When I was still working on my bachelors degree at University College of Halmstad some 18 years ago I got an intuition, or a hunch, that it would be a good idea to translate personality type models such as C.G. Jungs type theory into linguistic models and run them on media content using machine learning tools. The idea, in it’s most basic form, is to construct an experiment to study memetics, or how ideas spread. Ideas such as saving energy, sharing things or being cautious about gender bias in language can reasonably be traced over time in large populations thanks to social media. The new approach that I suggest is to  categorise individuals in a closed network such as Twitter into discrete psychological profiles based on writing style and study the dynamics over time. This very general idea raises several specific questions that must be dealt with, such as:

1. Does peoples use of language in social media actually fall into discrete categories that are reasonably stable over time?

2. Are such “linguistic groupings of people” stable over time?

3. Are the words and phrases defining cultural ideas (memes) possible to trace over time in a reliable way?

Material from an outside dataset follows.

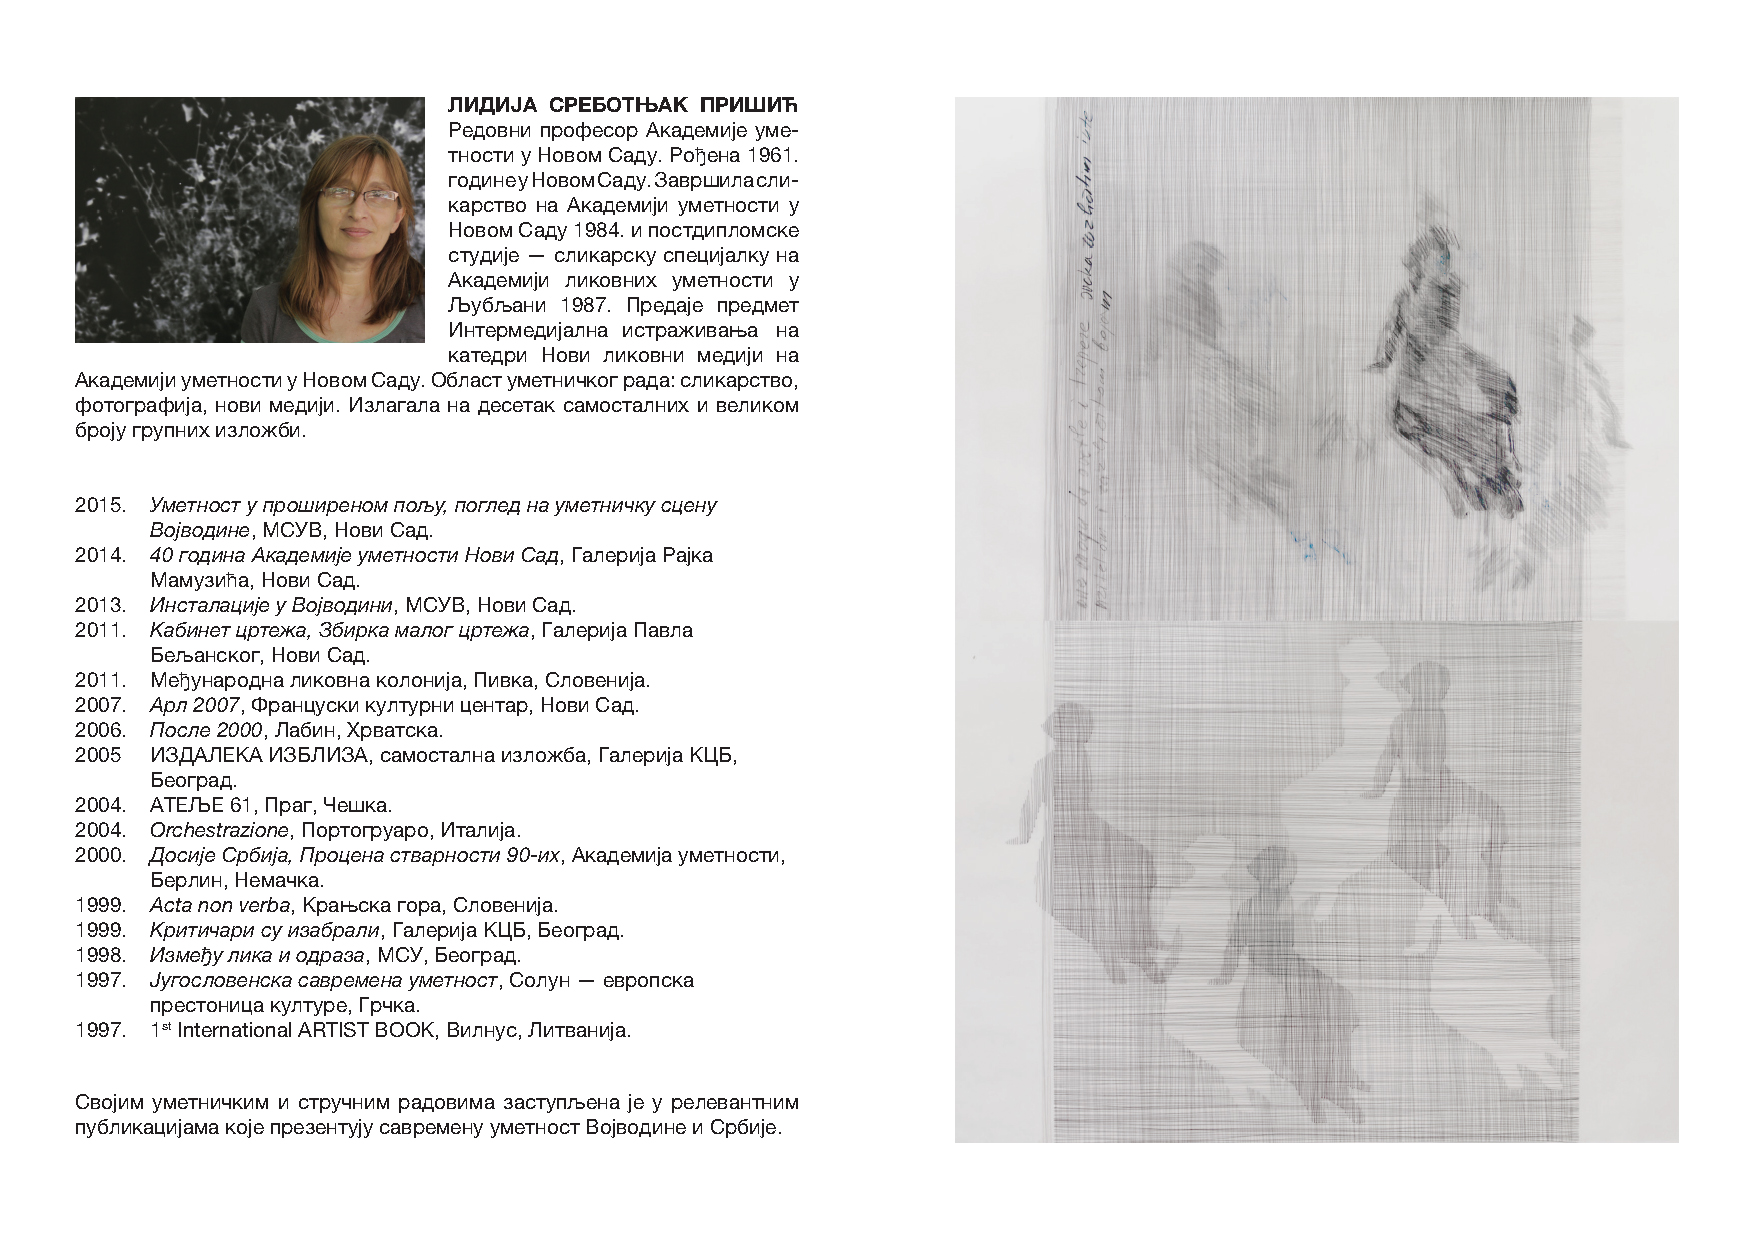 Lidija-katalog-unutra-v2 (2)

It’s a lot of methodological questions involved, as anyone can see. Lots of uncertainty. How much data is needed? How many individuals and over how long period of time? What aspects of language are relevant to study? Is it, as James Pennebaker at University of Texas, Austin suggests, style words (function words, such as “and”, “him”, “it”, “or”) or is it instead the “meaning words” of adjectives, verbs or even interjections such as “sorry”, “thank you” et cetera. In any case I believe it is necessary to let the data speak for itself as much as possible and withhold the impulse to use ones own pre-understanding of psychological models of the human psyche until after the empirical, mathematical part is done.

Back to the beginnings again… 

At the time when I started thinking about this, social media was almost non-existant even in the minds of us who studied media and communication. I didn’t even have a blog myself. When I started one, many years later, I was pretty scared about telling anyone about “my idea”, but you can trace it even in my first words in my first blog post if you know what you are looking for. Today mountains of linguistic samples of peoples everyday language are produced and made accessible via API:s and screen scraping technology, so the behavior of people (leaving language samples in accessible form for computers to read). The machine learning technology itself has advanced and become more accessible for a non-technical person (well, I’m catching up) like me.

I’ve been holding on to this idea ever since. I’ve been holding on to it without even remembering what it was all about in the first place, molding it into new ideas and merging it into what I’ve been doing for other reasons. Looking back at what I now recall of the original idea, I’ve not accomplished much, but I’ve accomplished some. While I’ve worked with different areas of media and communication and even started a company around this idea, I’ve always had this itching feeling that I’m not doing enough to further this project. That has made me spend a lot of years trying to combine a “normal” life with also investing a large percent of my own money and energy into moving this project of psychological analysis of social media forward, a tiny bit every year, most of the years. I’ve scattered myself and exhausted myself which hasn’t been beneficial for any of those sides of my life.

But why?

Is this even a reasonable idea?

I’ve read and been told that personality type theory is just a modern form of superstition. Maybe, it would be great to have data on that! I’ve been aware since the beginning that this type of research activity is often motivated by ad-targeting. Well, reducing the amount of ill-targeted ads would be great! Others have pointed out that spooky people in the military and security business use this sort of things and implied that no good can come out of it. Yes, I’ve actually been inspired by the fact that both psychometrics and network analysis has been and is still used by highly advanced intelligence units from all sides of the spectrum. Of course any powerful technology can be used for both “good” and “bad”. It’s not the methodology, it’s the actions taken based on publicly available data such as social media content I think we should be concerned with.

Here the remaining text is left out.